> [TASK DESCRIPTION]: Leaving the pictures aside, return all of the data below exactly.

> [INFORMATION SUPPLIED]:

****************************************

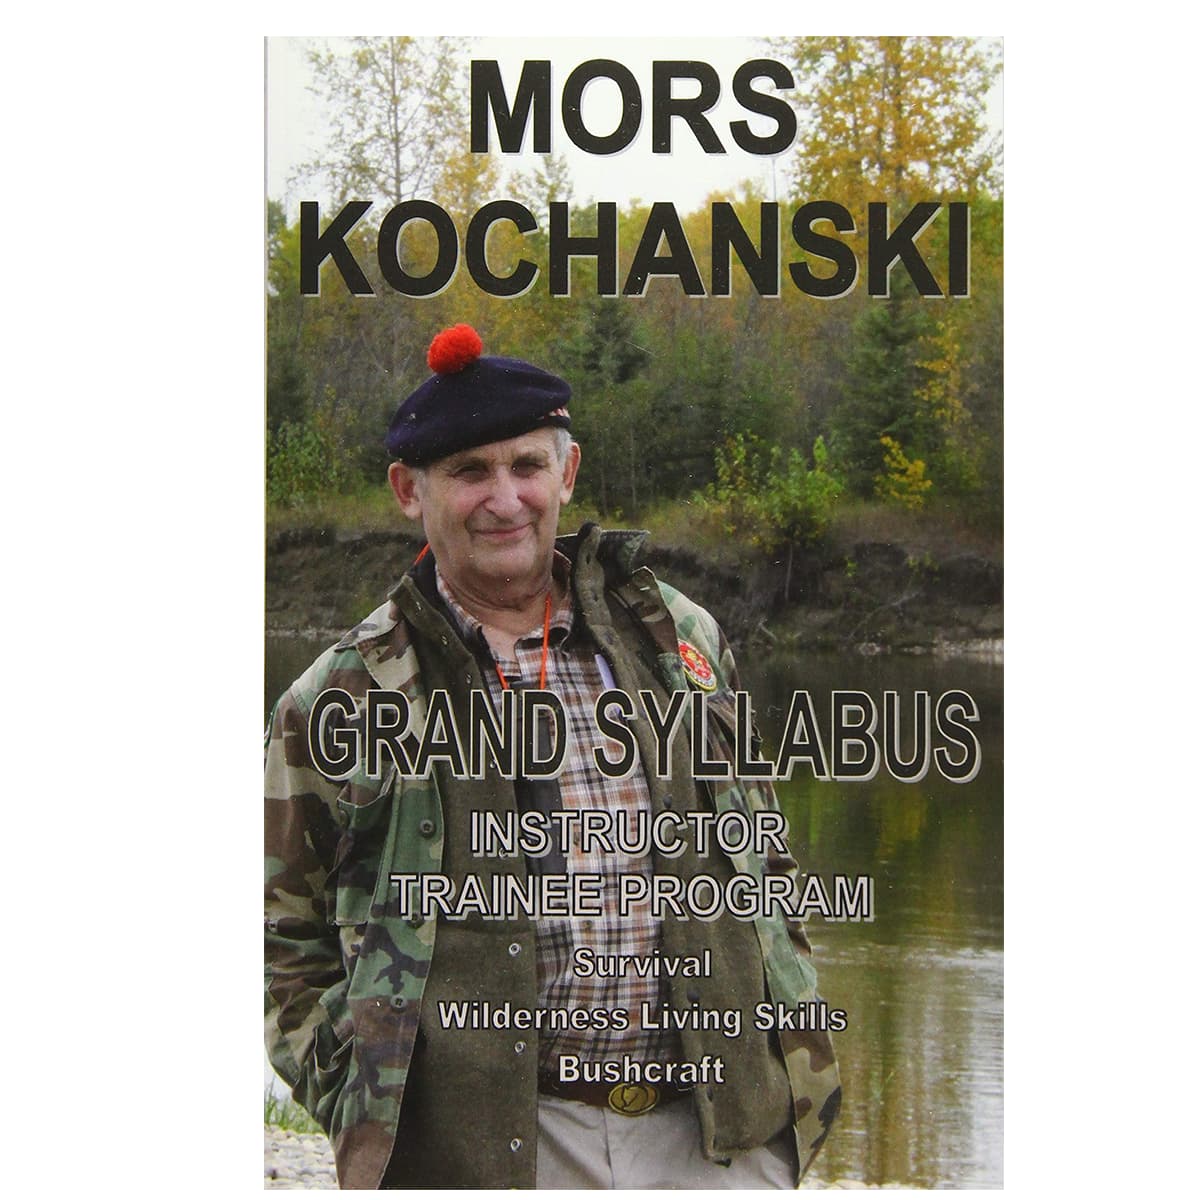 Mors Kochanski - The Grand Syllabus
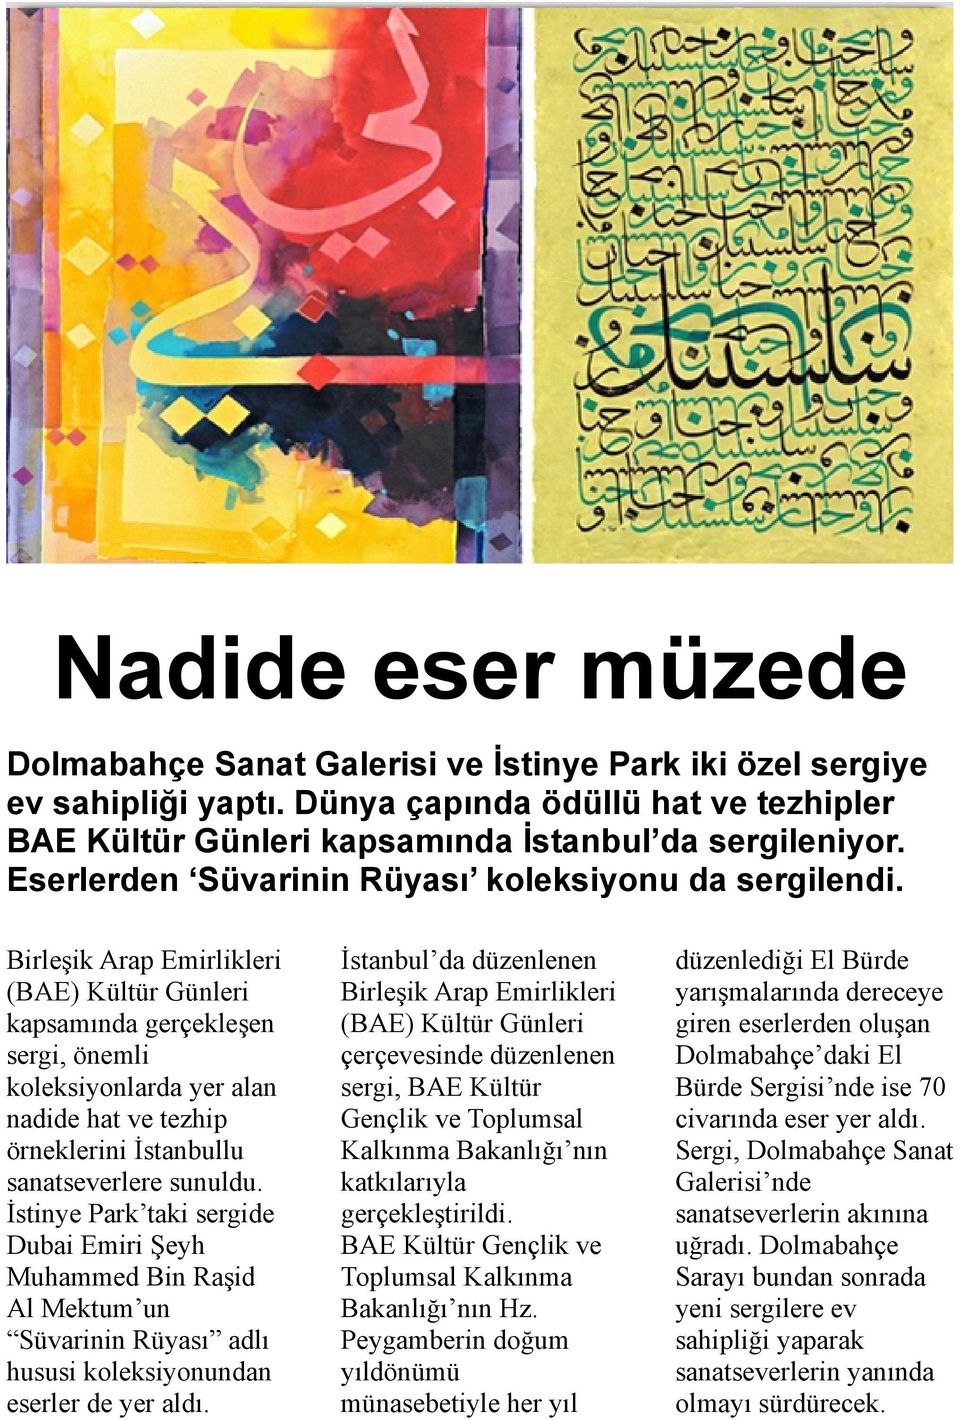 Birleşik Arap Emirlikleri (BAE) Kültür Günleri kapsamında gerçekleşen sergi, önemli koleksiyonlarda yer alan nadide hat ve tezhip örneklerini İstanbullu sanatseverlere sunuldu.
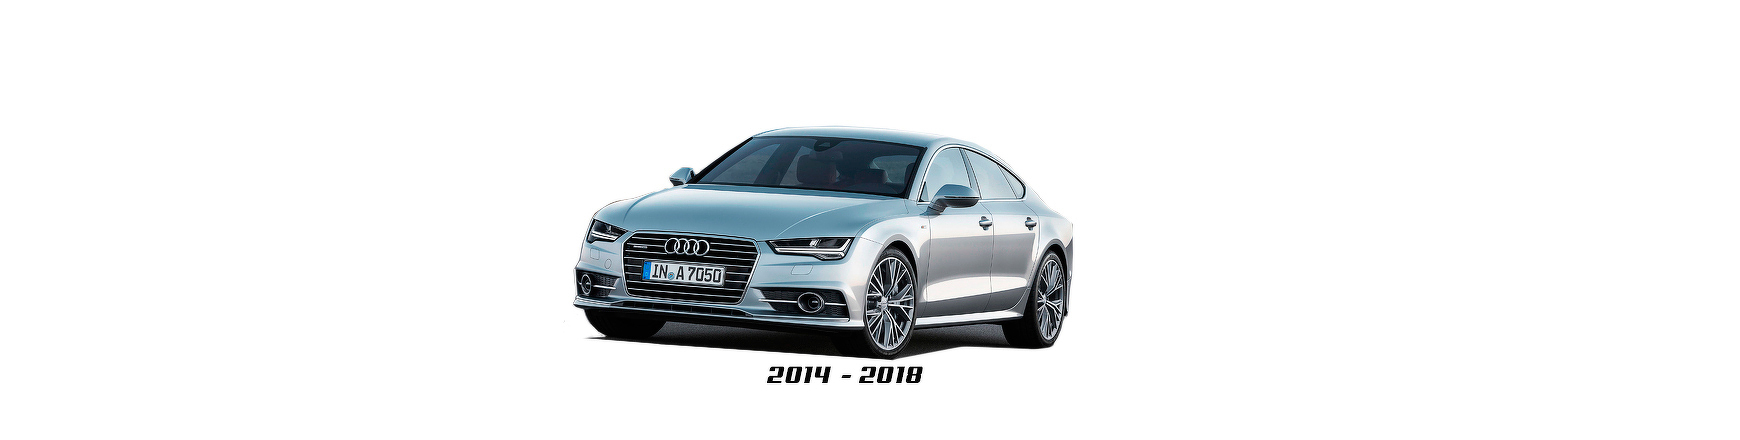 Repuestos y Recambios de Audi A7 (4G) de 2014 a 2018 | Veramauto.es

****************************************

> [SOLUTION TO THIS PROBLEM]:
 Mors Kochanski - The Grand Syllabus
 Birleşik Arap Emirlikleri (BAE) Kültür Günleri kapsamında gerçekleşen sergi, önemli koleksiyonlarda yer alan nadide hat ve tezhip örneklerini İstanbullu sanatseverlere sunuldu.
 Repuestos y Recambios de Audi A7 (4G) de 2014 a 2018 | Veramauto.es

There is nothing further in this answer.